= MP-PET =

Madhya Pradesh-Pre Engineering Test was a state level examination organised by the Vyapam Board for admission to Engineering Colleges in Madhya Pradesh, India. After 2007 over 1 million students participated in the exam each year It was conducted by Vyapam, the Professional Examination Board of Madhya Pradesh. Vyapam had been conducting the MP-PET since 1981. PET was based on syllabus of subjects Physics, Chemistry and Mathematics of grade 11 and 12.

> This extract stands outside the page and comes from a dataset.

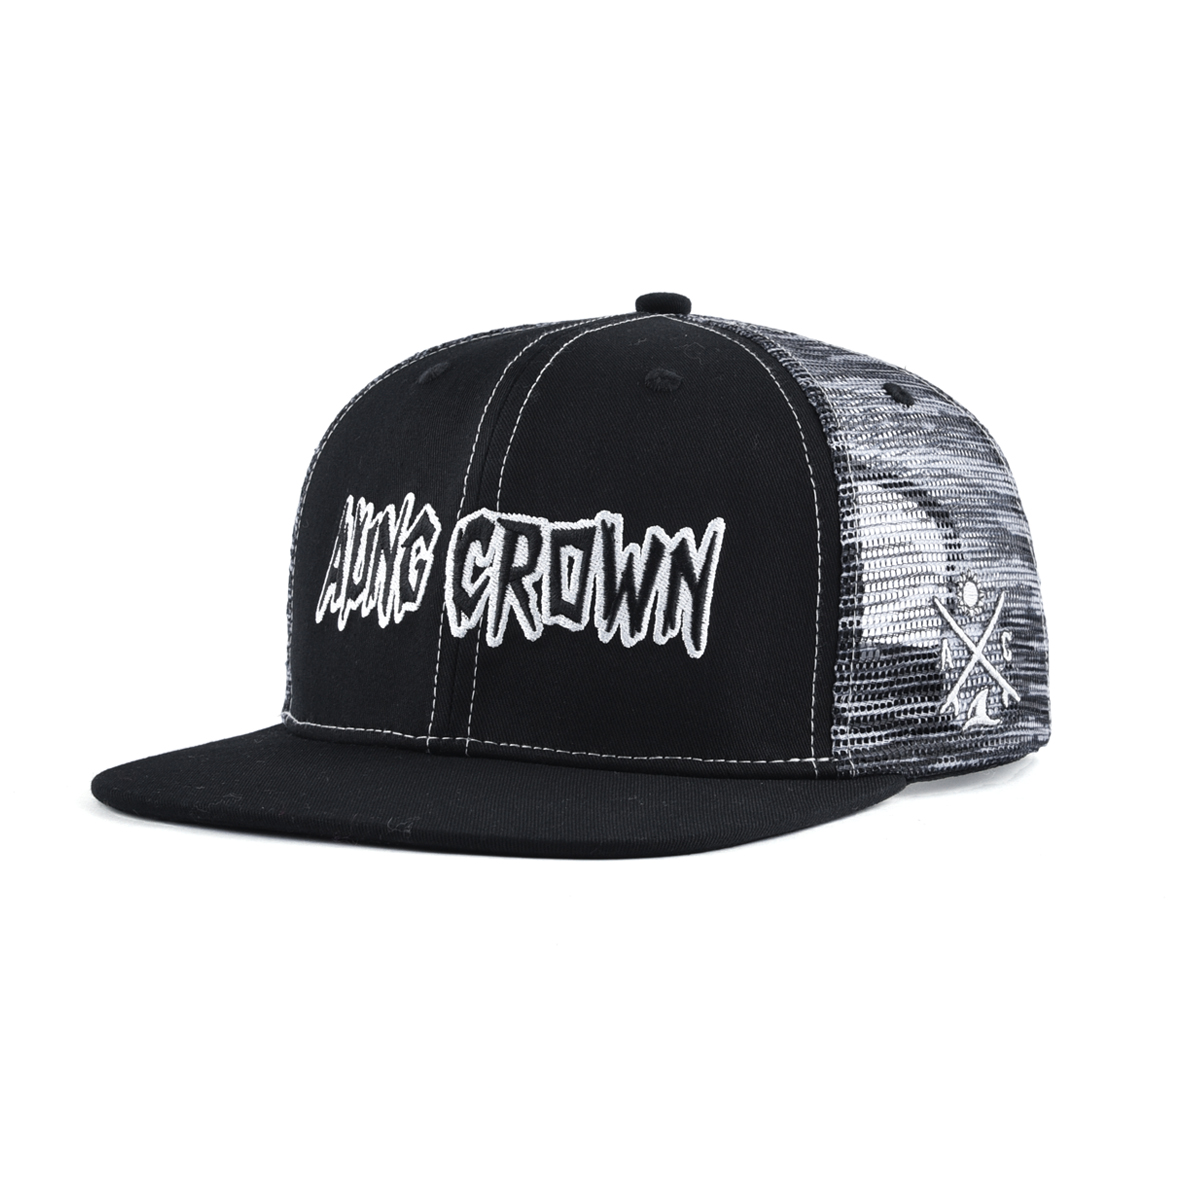 AungCrown street denim style hiphop mesh snapback cap

The examination is replaced by Joint Entrance Examination in 2014.

==Format==
MP PET format of exam paper was objective type questions with single correct choice. Till, 2011 PET exam was conducted in 2 sets containing 100 questions each, first set of Mathematics and other of Physics and Chemistry. Each set was of 2 hours duration. But, in 2012 and 2013, PET was conducted in 1 set only of 3 hours duration and containing 100 questions of Mathematics and 50-50 questions from Physics and Chemistry. The marking scheme was +1 for correct answers and 0 for the incorrect answer. Earlier the marking used to be out of 900 points (300 each for Physics, Chemistry, and Mathematics), and it included negative marking. 3 points for the correct answer and -1 for the wrong answer.

MP-PET 2015 Eligibility

1. Students should pass in 10+2 scheme of MP Board of Secondary Education or equivalent with Physics, Chemistry, Maths and English securing 55% marks in aggregate.
2. Compartmental candidates are not considered.
3. Candidates who have appeared in the final year exam are also eligible.
4. Age of Candidates must be not more than 21 years on October 1 of the year of admission.

MP-PET 2015 Exam Pattern

It consists of objective type multiple choice questions (MCQs) in Mathematics, Physics and Chemistry (300 marks each).
[The first part of MP-PET exam will have questions based on the subjects Mathematics, Physics and Chemistry. The second part will be optional and it can be any one of the following subjects such as Physics & Chemistry, Physics & Biotechnology and Physics & Biology. Totally 100 questions will be asked and each part carries 50 questions.]
Medium of the exam is English.
There is no negative marking in this test.